All three of our grown daughters came home for a weekend, recently, to help us start sorting and packing for our move.  Well, not their home.  That was in Tulsa.  But they all came, and it was a delight.  I did my best to stay out of the way of the cyclone of sorting and packing activity.  It was the best way I could help.

Staying out of the way gave me a great vantage point to enjoy all the chatter and interaction.  A million words, lots of times being spoken simultaneously.  Chatter and laughter.  It was renewing to my soul.  I was a happy observer not a front line participant, except for a few times.  I reminded myself that a whole lot of what I was observing was “girl time.”  Good “girl time.”  Renewing for all four of my ladies.  They didn’t exclude me.  I knew to insert myself without good cause would be bad form, though.  So I didn’t.

But it also stirred up some regret.  Regret that too much of my dad-life was just observing, not participating.  This particular regret-ghost shows up to trouble me fairly often.  But only when I’m with our girls, or looking at old pictures, or remembering the good old days.  In other words, pretty often.  The only antidote for it is what I’ll suggest you use on your own regrets.
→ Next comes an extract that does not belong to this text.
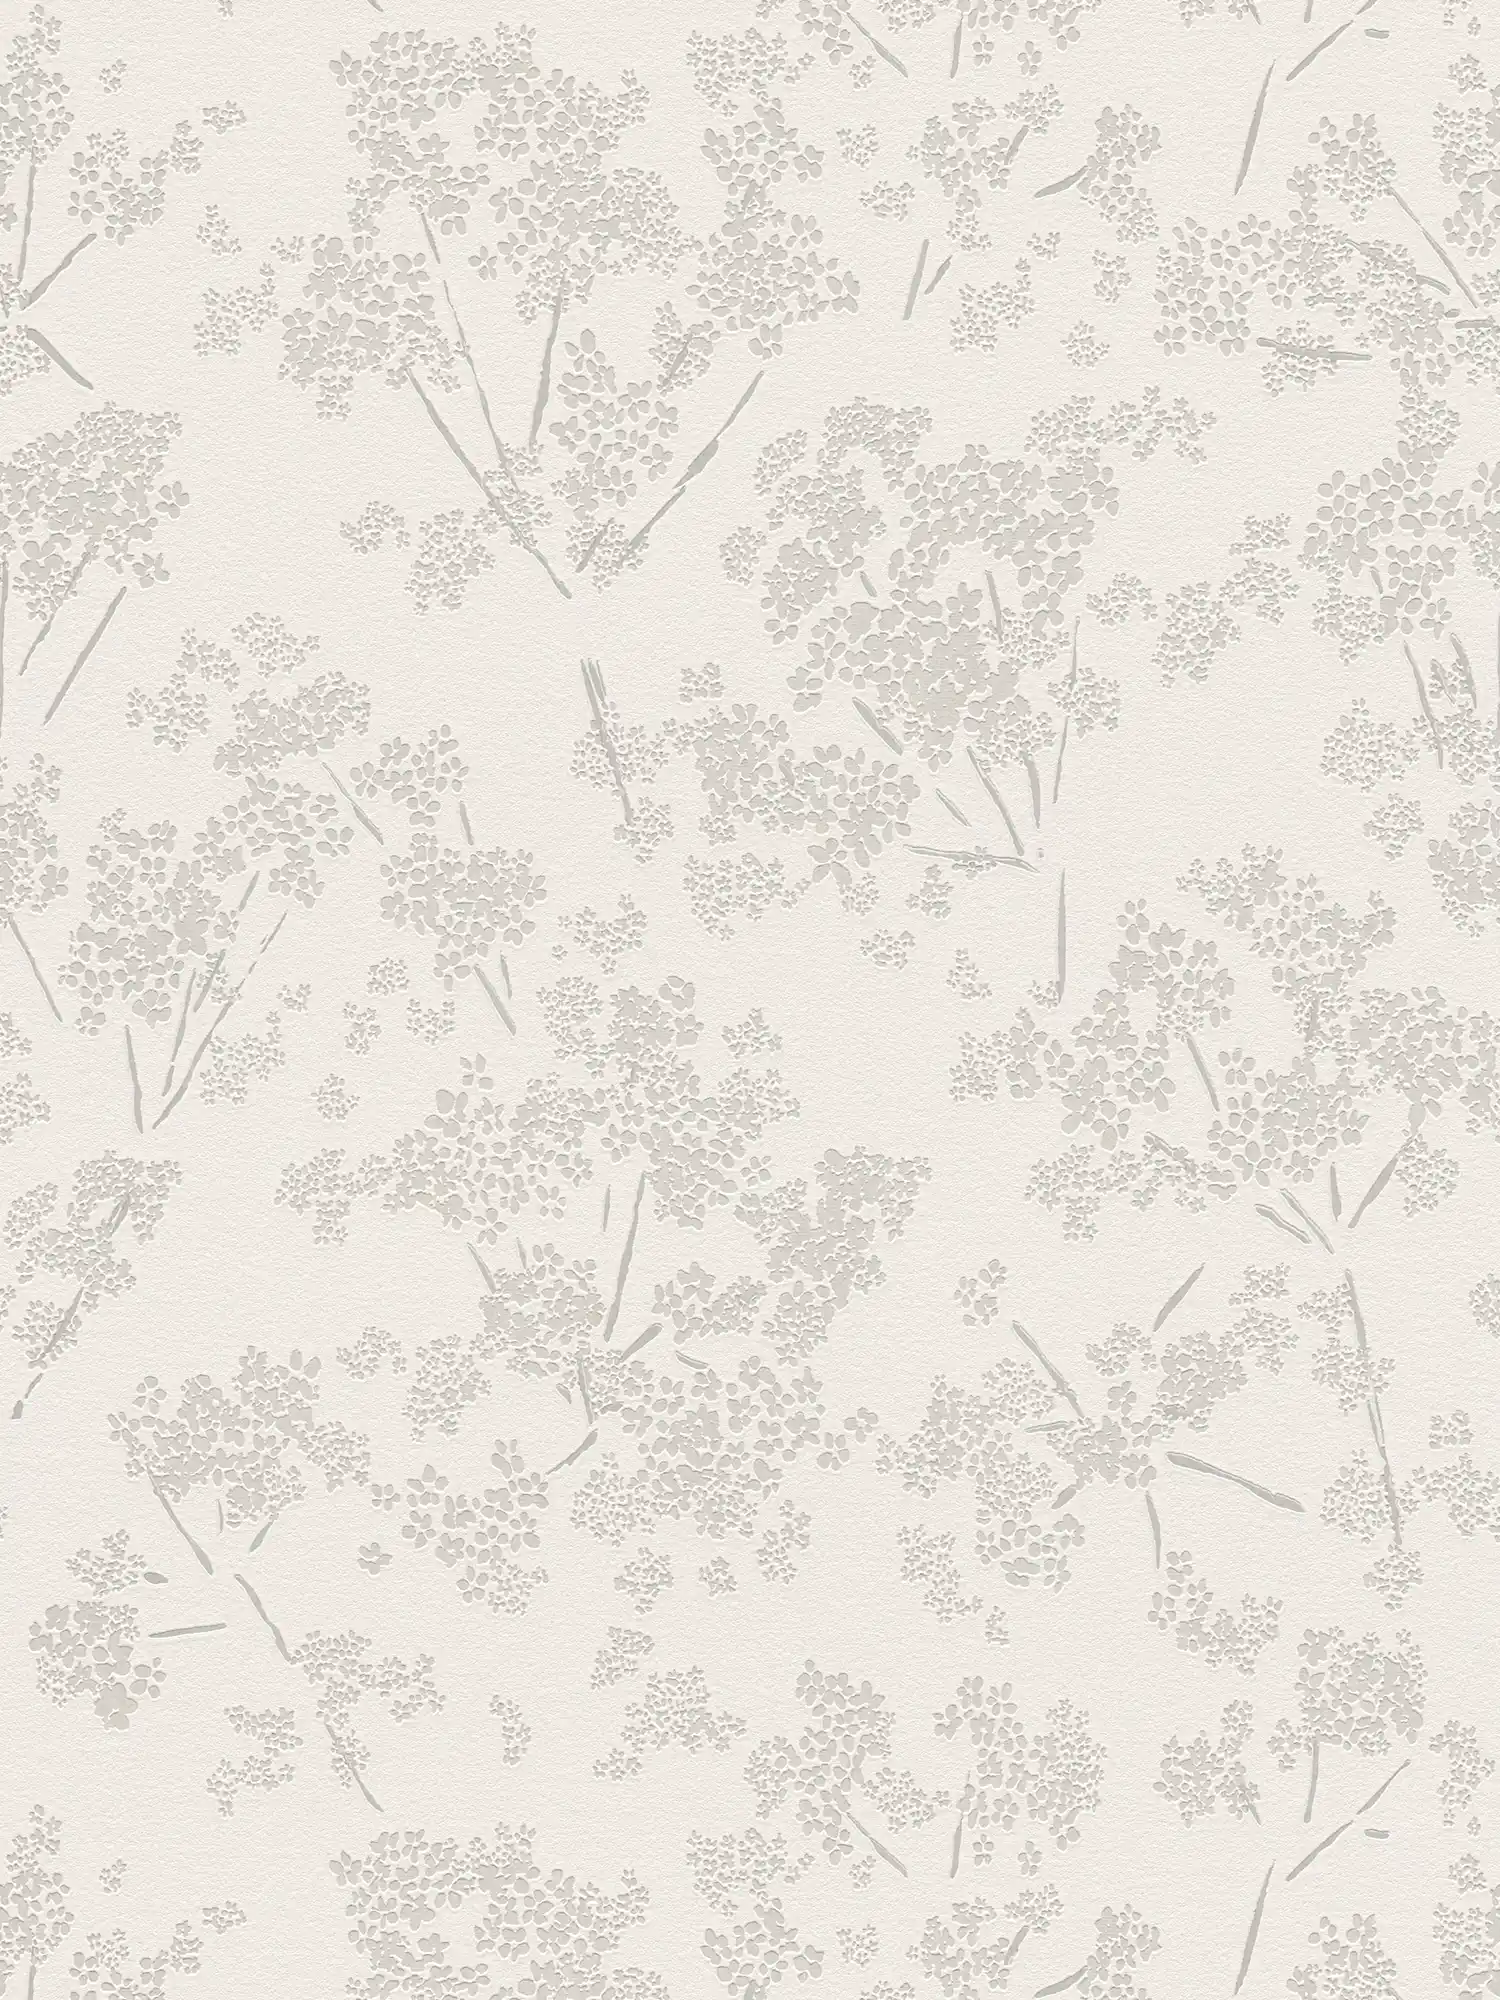 Vliesbehang met bloemenmotief - wit, grijs
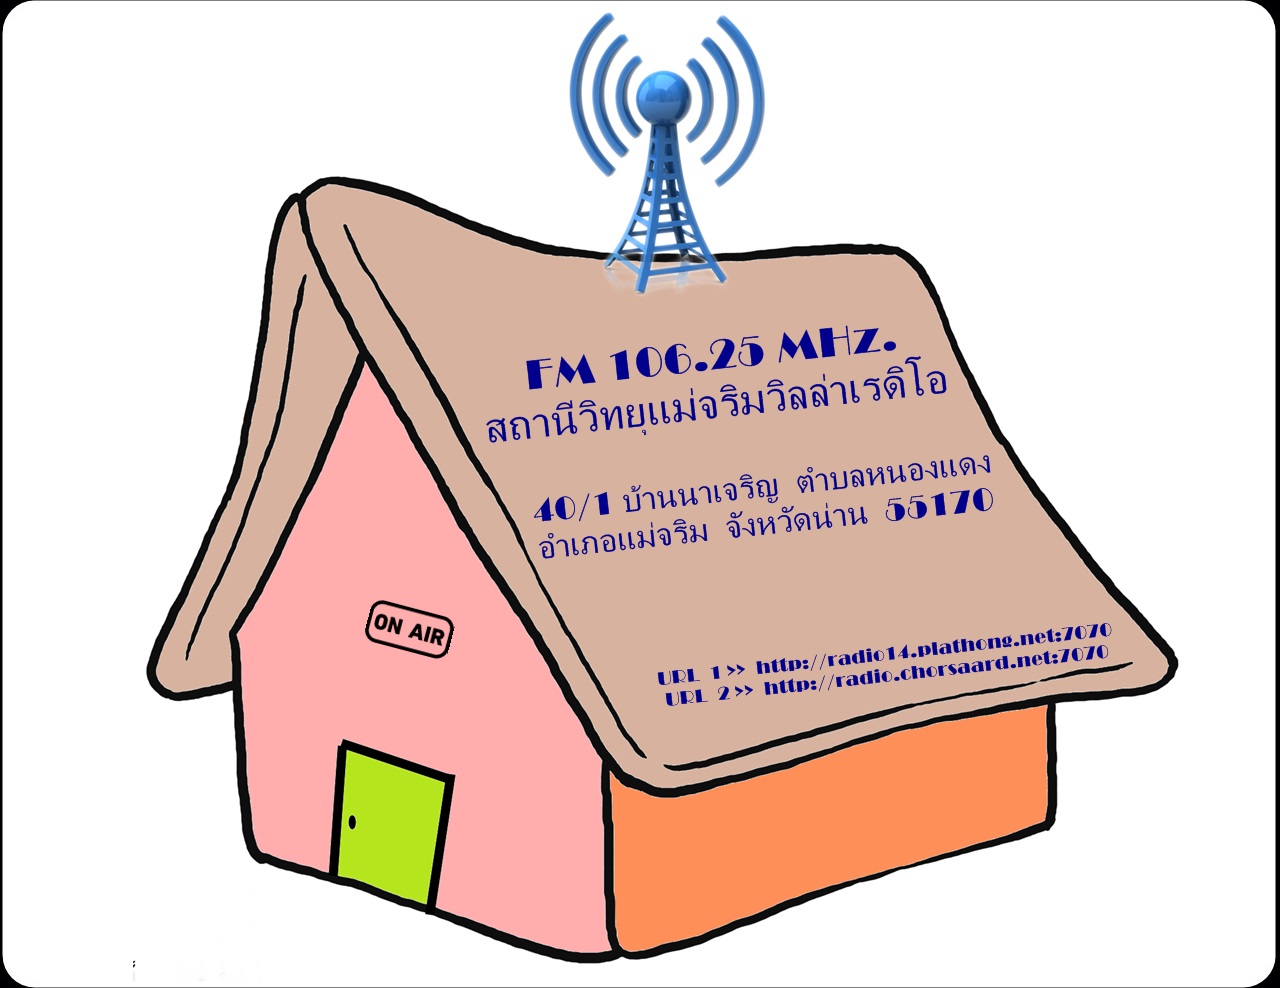 สถานีวิทยุแม่จริมวิลล่าเรดิโอ FM 106.25 MHz น่าน

Years ago at a holiday meal where we were all at the table together, I told them that I had this regret, that I hate that I was so often unavailable for so much of their growing up years.  They looked at me like I’d said it in Czech.  “What are you talking about?” they asked.  “We have great memories of going to camp with you, and we had the best vacations ever.”  They went on with a bunch of other things that were encouraging and affirming.  I was blessed and humbled.  God’s grace had done for my girls what I hadn’t (and in some cases couldn’t have) done.

The antidote – the cure – is grace.  My theory is that grace is the antidote for everything.  Eventually.  When I feel regret and remorse for the times I wasn’t there as a dad, I turn my heart and mind toward God’s grace and thank Him that He didn’t back away from my kids, my wife or me when I chose unwisely and didn’t show up.  His grace never steps away.  Its stream never dries up.  It never gives up.

When my remorse shows up and begins to smack me around, as it did amid the packing boxes and girl-talk, only grace can bring me peace of mind.  Only reflecting on God’s grace, revisiting it in my memory, and thanking Him for it can release me from the grip of a very powerful ghost of regret and remorse.  There’s no instant delivery, though.  I often have to apply and reapply grace many times for the peace of Christ to rule in my heart and mind.  But I can tell you that grace always eventually wins.

So today if you have parent-regret (and I know you do), I have this advice: drink deeply of God’s grace.  Thank Him for pouring it out on you and your kids.  And then apply that same grace to yourself.

Then do the best you can to choose wisely with your time and life, so as to minimize your regrets.  Because you can do that.  You can’t live a life with no regret, but in partnership with Christ, you can make fewer regrettable choices.  This isn’t a pipe dream.  It’s a function of grace.